December 19, 2020
President Elect Biden has continued to make historic selections for his cabinet positions. Today it was reported that Rep. Deb Haaland (D-N.M.) was nominated to fill the position Secretary of the Interior, marking a turning point for the U.S. government’s relationship with the nation’s Indigenous peoples. In selecting Haaland, a member of Pueblo of Laguna, Biden placed a descendant of the original people to populate North America atop a 171-year-old institution that has often had a troubled relationship with the nation’s 574 federally recognized tribes. Three divisions of Interior have a tremendous impact on Indian Country, including the Bureau of Indian Affairs, the Bureau of Indian Education, and the Bureau of Trust Funds Administration, which manages billions held in trust by the U.S. government.
I was able to see some of this “trouble” when I worked with the Native Tribes in Utah. There are eight sovereign tribal governments in Utah: Confederated Tribes of the Goshute Reservation, Navajo Nation, Northwestern Band of Shoshone Nation, Paiute Indian Tribe of Utah, San Juan Southern Paiute, Skull Valley Band of Goshute, Ute Mountain Ute Tribe, and the Ute Indian Tribe. One case that stuck out was with the Ute Mountain Ute Tribe. When I was there during the 1980’s the Corps of Engineers had constructed 12 different reservoirs in the Wasatch Mountains to store and divert water to the Colorado River to be used in California. The original agreement specified this diversion would be compensated for by building three dams to send water to the Ute Reservation. Even as I worked on additional reservoirs to store California water, none had been built or even started for the Utes.
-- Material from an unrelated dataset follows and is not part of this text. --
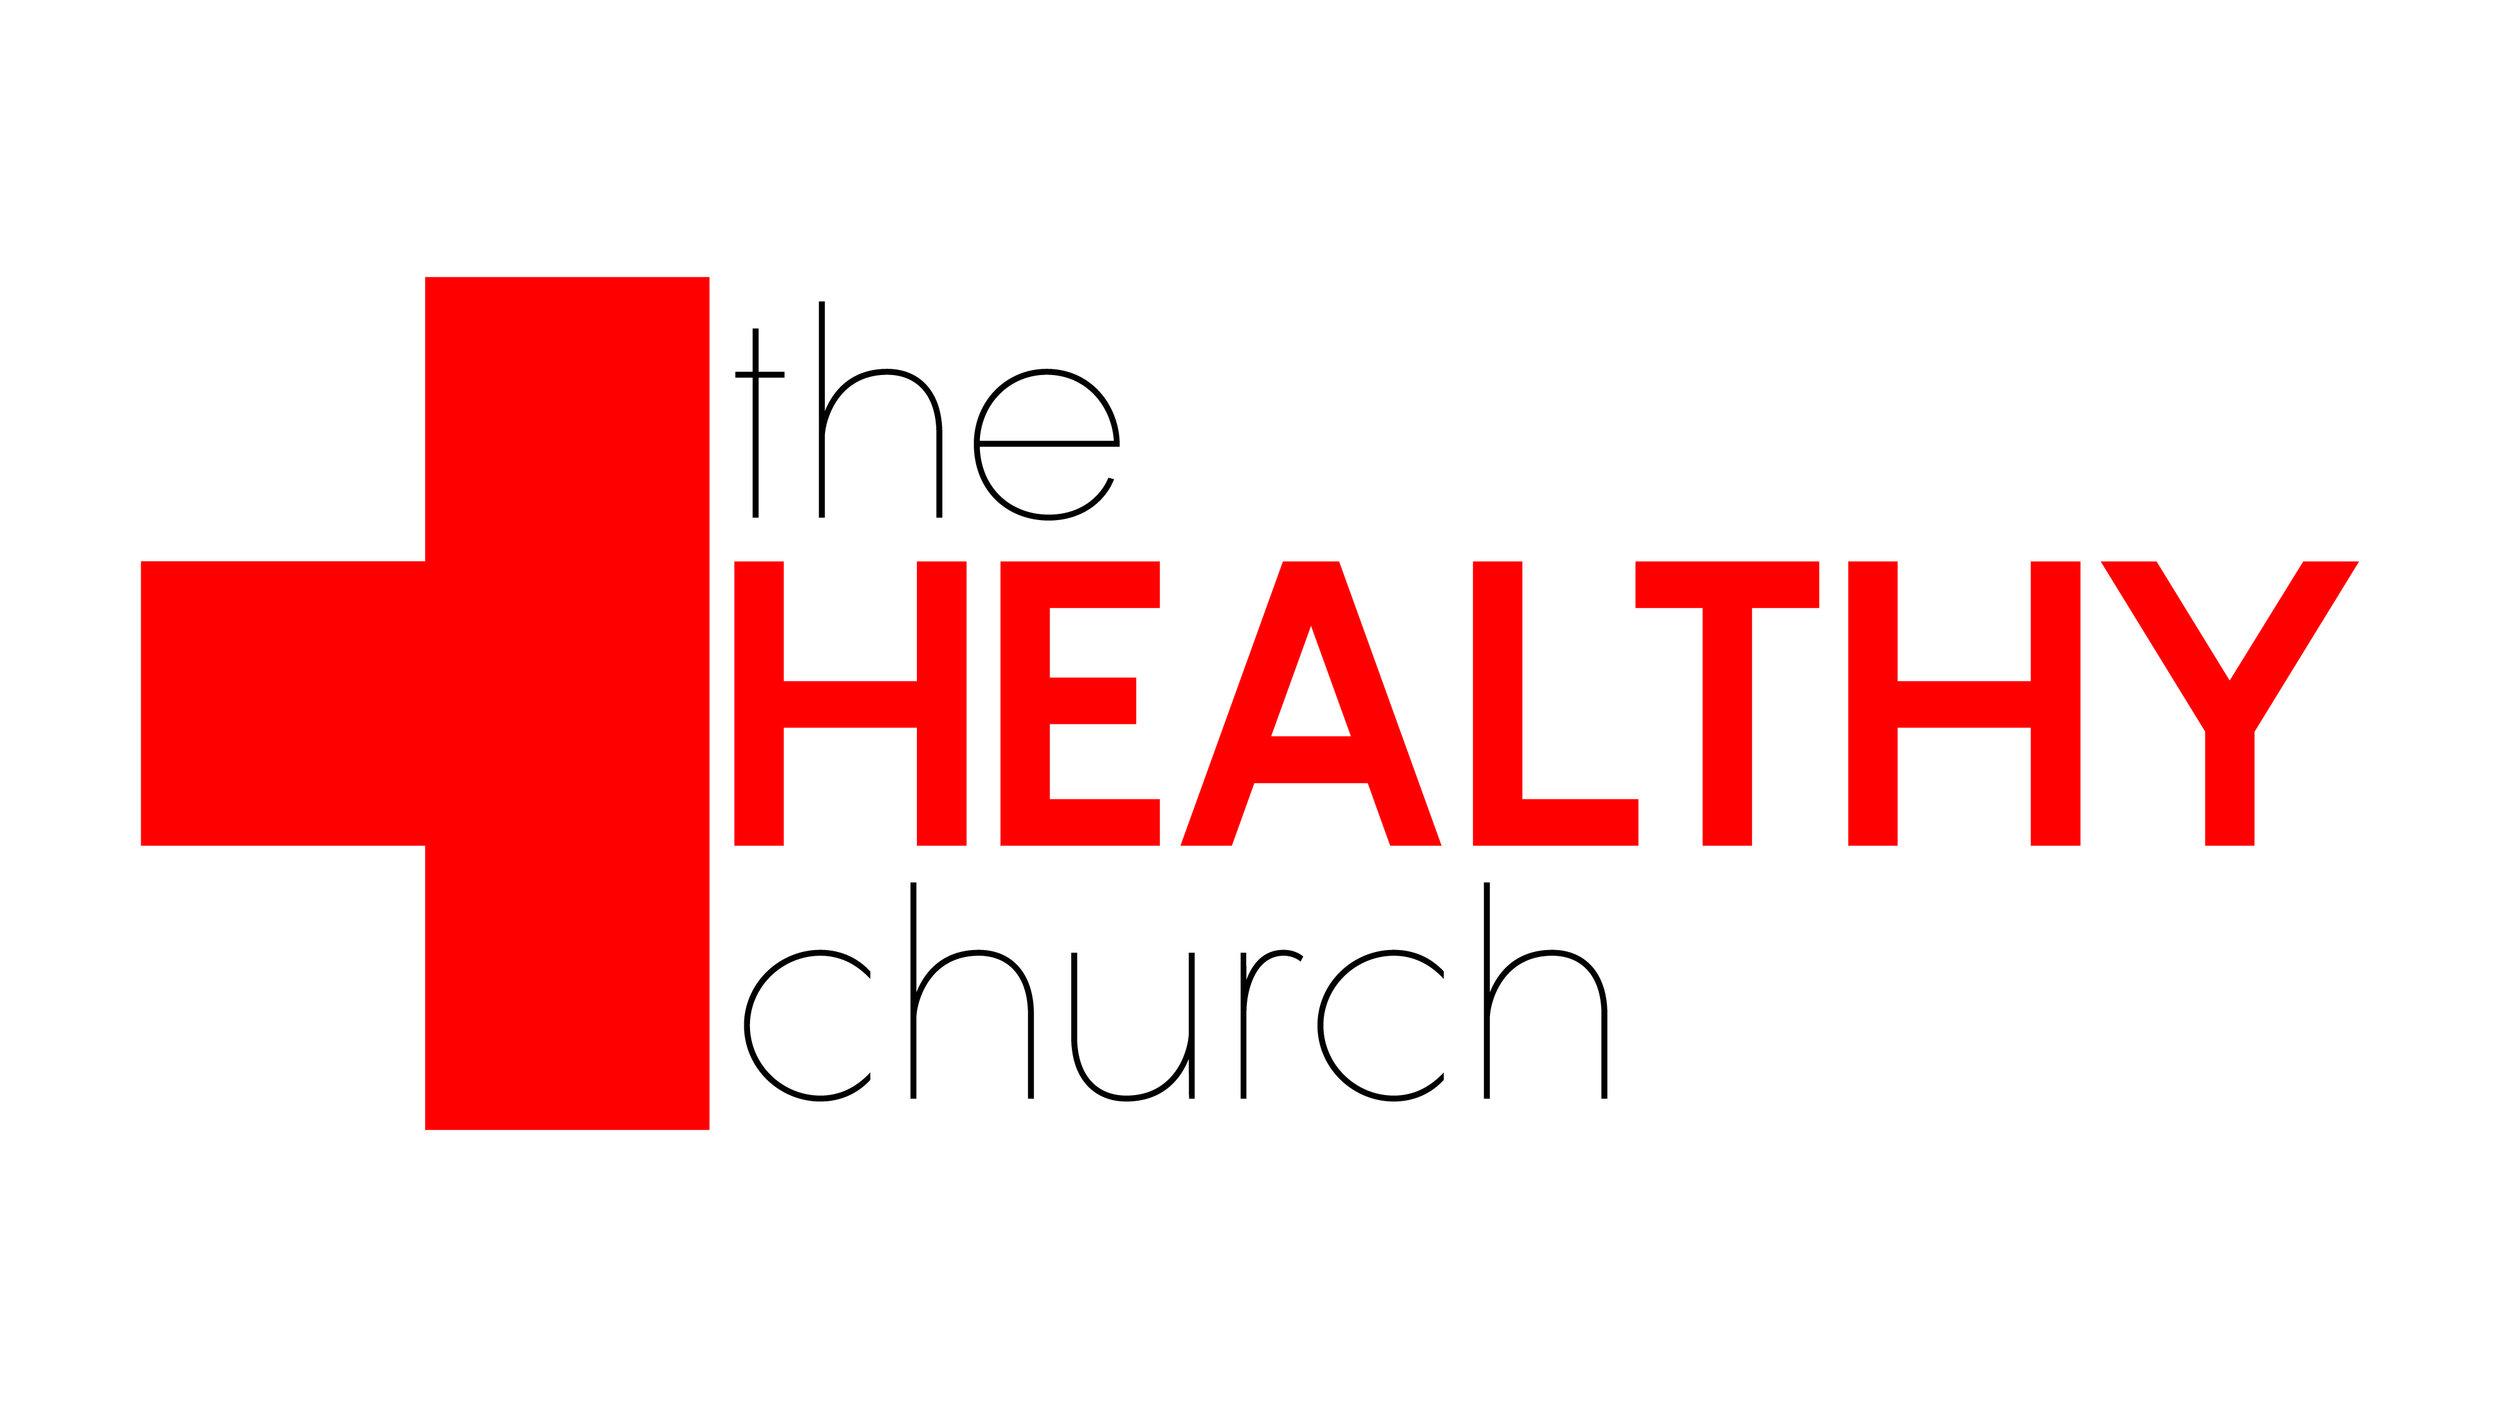 Healthy Church Logo-06.jpg

Haaland was born in Arizona to a Native American mother who served in the Navy and a Norwegian American father who was an active-duty Marine. Haaland bounced between 13 public schools as the family changed military bases. At 15, she worked at a bakery, and later attended law school with the help of student loans and food stamps, occasionally experiencing homelessness as a single mother. Now after serving a single term in Congress, Haaland will oversee a department that manages roughly one-fifth of land in the U.S. While New Mexico is one of the top oil-and gas-producing states, Haaland has pledged to transform the department from a champion of fossil fuel development. Instead, the focus will be on promoting renewable energy and policies to mitigate climate change.
Thoughts: During the 1970’s the Keep America Beautiful campaign featured Iron Eyes Cody, the actor who played an Indian shedding a tear at the sight of a littered American landscape. This became one of television’s best-known and most-honored commercials. Cody had roles in nearly 100 movies, including ”Sitting Bull,” ”Paleface” and ”A Man Called Horse,” as well as guest appearances on television programs like ”Bonanza,” ”Gunsmoke” and ”Rawhide.” Hopefully Haaland will be able to shed a tear seeing an opposite landscape, free from garbage, smoke, and other pollutants. Follow the science. Change is coming and it starts with you.